Jede Verletzung der Haut sollte innerhalb von 6 Stunden versorgt werden. Alle Wunden, die nicht innerhalb der ersten 6 Stunden behandelt werden, gelten als infiziert. Infizierte Wunden sind durch Schwellung, Hautrötung und Druckempfindlichkeit der betroffenen Stelle gekennzeichnet. Die Infektion kann sich von der Wunde ausgehend über die Lymphbahnen und -knoten im Körper ausbreiten. Besonders bei Verletzungen im Freien ist der Wundstarrkrampf (Tetanus) gefürchtet. Tetanus ist eine schwere bakterielle Wundinfektion, die zu einer Erkrankung des Nervensystems mit Krämpfen der Muskulatur führt und für den Betroffenen lebensbedrohlich werden kann. Deshalb wird in der Regel selbst bei kleinsten Verletzungen der Tetanusschutz des Betroffenen überprüft und gegebenenfalls aufgefrischt.

Prognose

Die Prognose von saubere, genähte Wunden ist im Normalfall sehr gut.
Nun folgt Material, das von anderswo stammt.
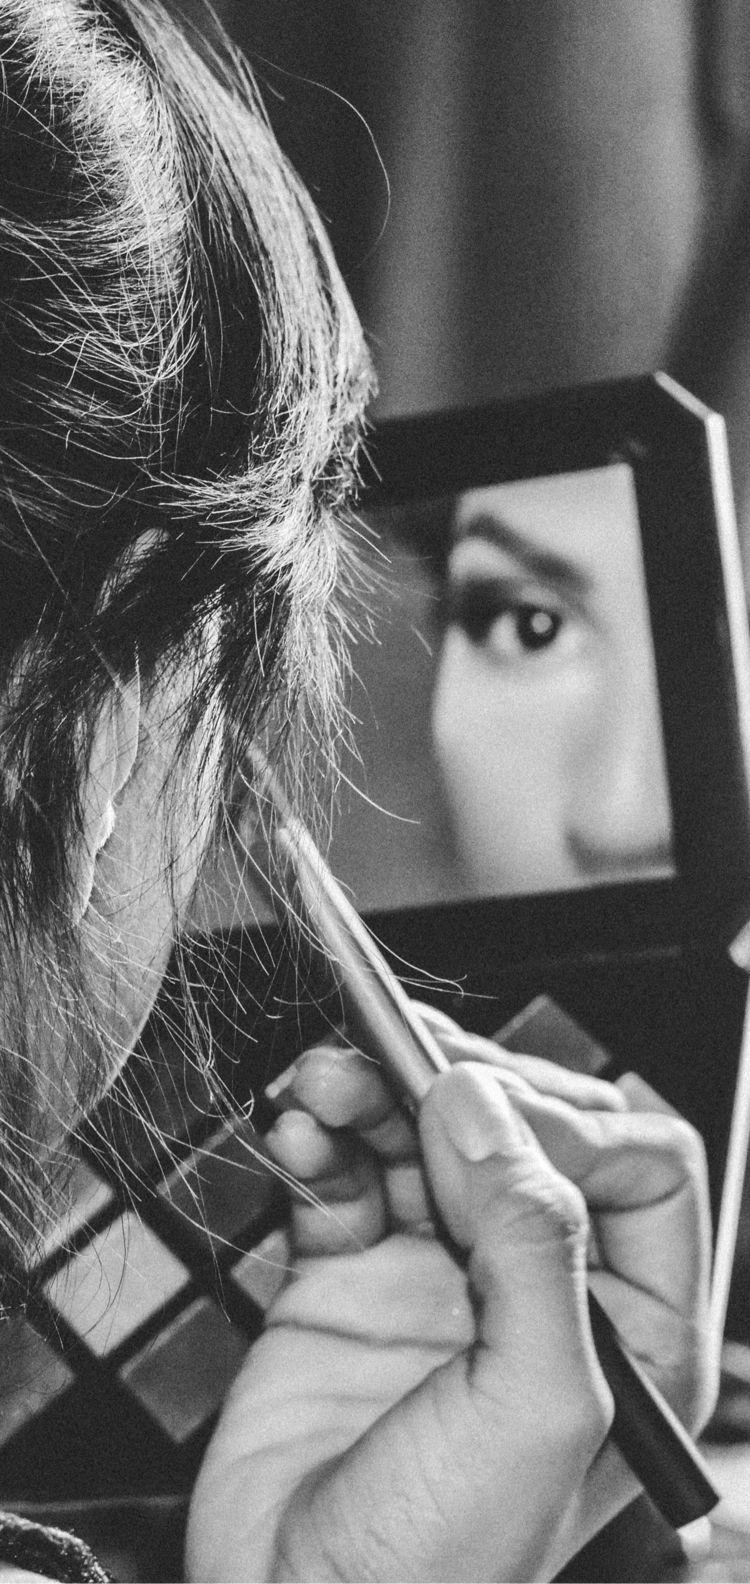 makeuptutorial, makeup, artist - nappyleaf | ello

Wird eine Hautverletzung gut versorgt, heilt sie meist problemlos. Im Falle von Schürfwunden der Haut wird in der Regel nur die Oberhaut abgetragen. Sie heilen deshalb im Normalfall folgenlos wieder ab und hinterlassen keine Narben. Bei anderen, tieferen Wunden bildet sich, je nach schwere der Verletzung eine mehr oder weniger ausgeprägte Narbe. Die Behandlung infitzierter und entzündeter Wunden ist dagegen oft langwierig. Sie hinterlassen auch größere Narben oder bilden Einziehungen an der Haut. Viele dieser kosmetischen Probleme können jedoch später korrigiert werden. Nur wenige Wunden heilen so schlecht, dass man von einem chronischen Verlauf sprechen muss.



Letzte Aktualisierung am 22.07.2010.